Willy Brandt - Politician

Politician

From 3 October 1957, to 1966, Willy Brandt was Mayor of West Berlin, during a period of increasing tension in East-West relations that led to the construction of the Berlin Wall. In Brandt's first year as Mayor, he also served as the President of the Bundesrat in Bonn. Brandt was outspoken against the Soviet repression of the 1956 Hungarian Revolution and against Nikita Khrushchev's 1958 proposal that Berlin receive the status of a "free city". He was supported by the influential publisher Axel Springer. As Mayor of West Berlin, Brandt accomplished much in the way of urban development. New hotels, office-blocks and flats were constructed, while both Schloss Charlottenburg and the Reichstag were restored. Sections of the "Stadtring" Bundesautobahn 100 inner-city motorway were opened, while a major housing programme was carried out, with roughly 20,000 new dwellings built each year during his time in office.

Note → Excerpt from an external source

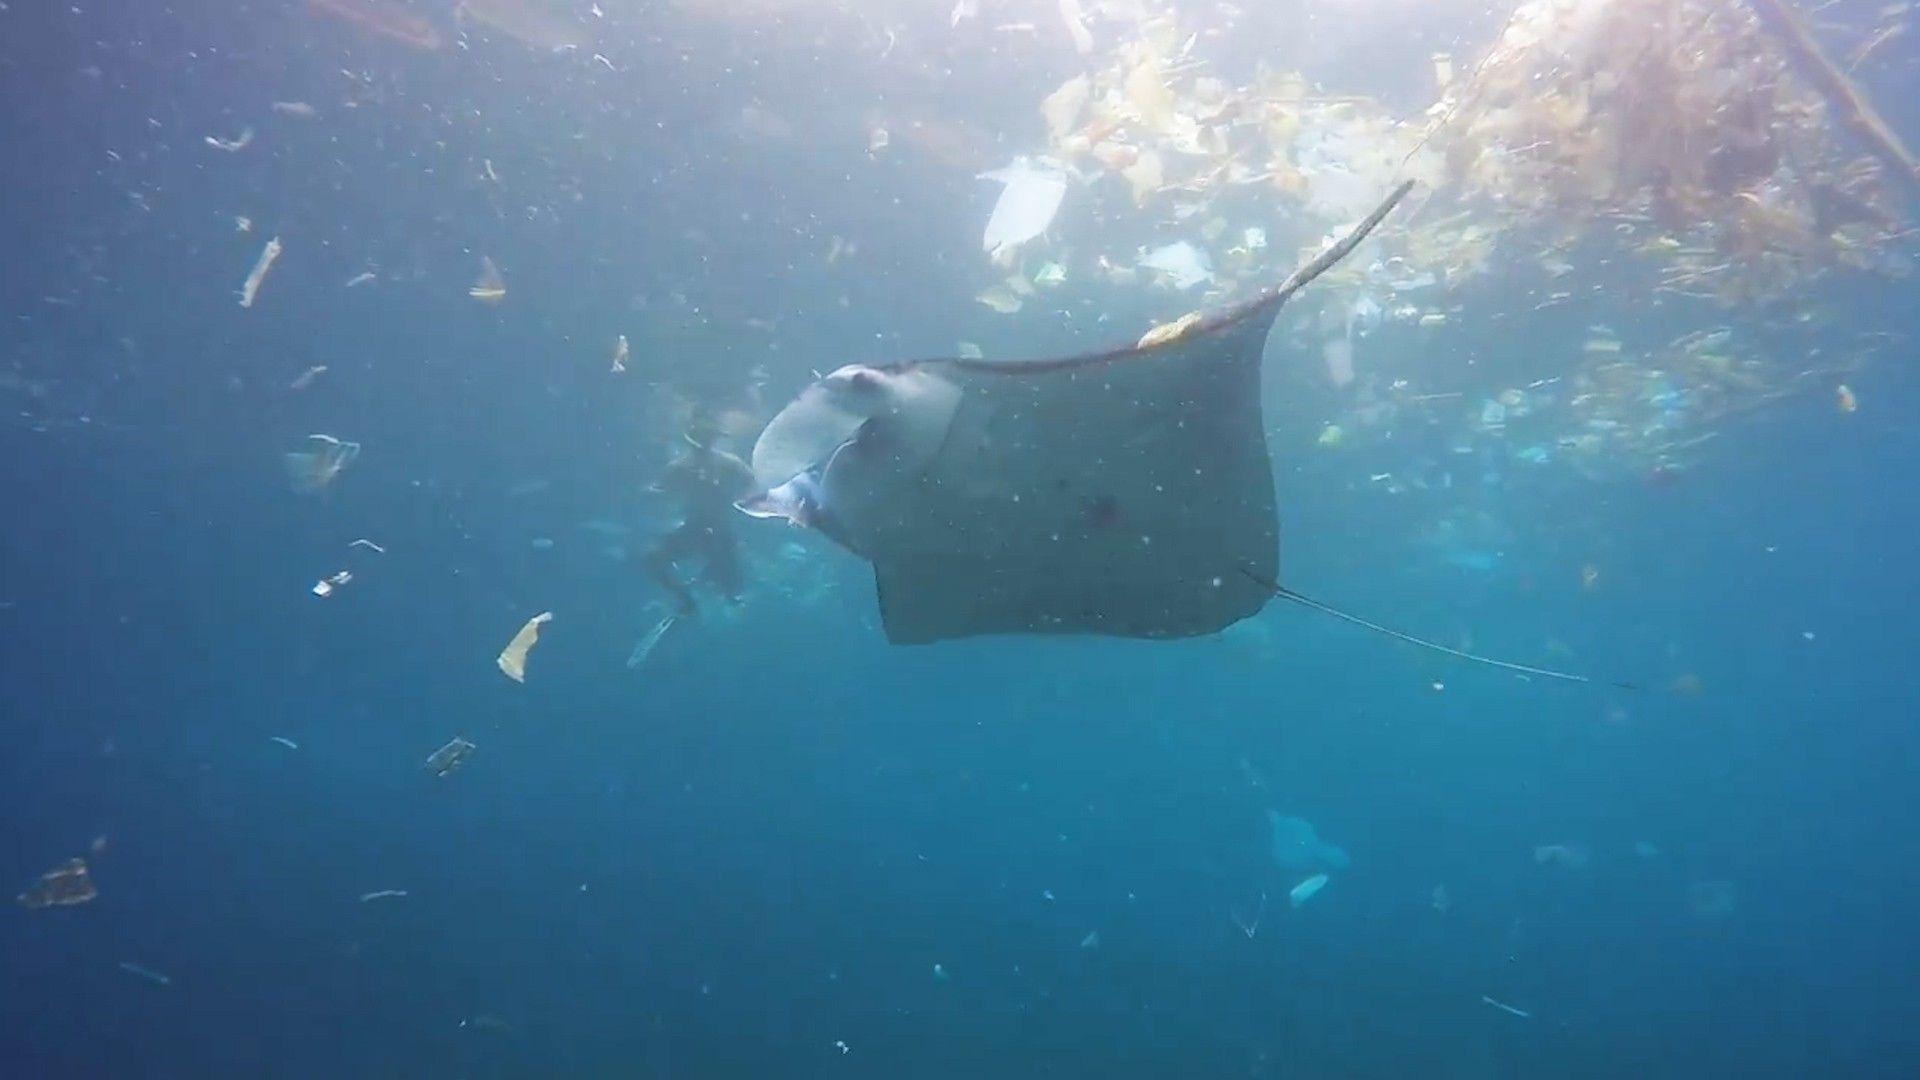 Imagens chocantes mostram raia-manta nadando em mar de plástico

At the start of 1961, U.S. President John F. Kennedy saw Brandt as the wave of the future in West Germany and was hoping he would replace Konrad Adenauer as chancellor following elections later in the year. Kennedy made this preference clear by inviting Brandt, the West German opposition leader, to an official meeting at the White House a month before meeting with Adenauer, the country’s leader. The diplomatic snub strained relations between Kennedy and Adenauer further during an especially tense time for Berlin. However, following the building of the Berlin Wall in August 1961, Brandt was disappointed and angry with Kennedy. Speaking in Berlin three days later, Brandt criticized Kennedy, asserting "Berlin expects more than words. It expects political action." He also wrote Kennedy a highly critical public letter in which he warned that the development was liable "to arouse doubts about the ability of the three Powers to react and their determination" and he called the situation "a state of accomplished extortion"."

Brandt became the Chairman of the SPD in 1964, a post that he retained until 1987, longer than any other party Chairman since its foundation by August Bebel. Brandt was the SPD candidate for the Chancellorship in 1961, but he lost to Konrad Adenauer's conservative Christian Democratic Union of Germany (CDU). In 1965, Brandt ran again, but lost to the popular Ludwig Erhard. Erhard's government was short-lived, however, and in 1966 a grand coalition between the SPD and CDU was formed, with Brandt as Foreign Minister and Vice-Chancellor.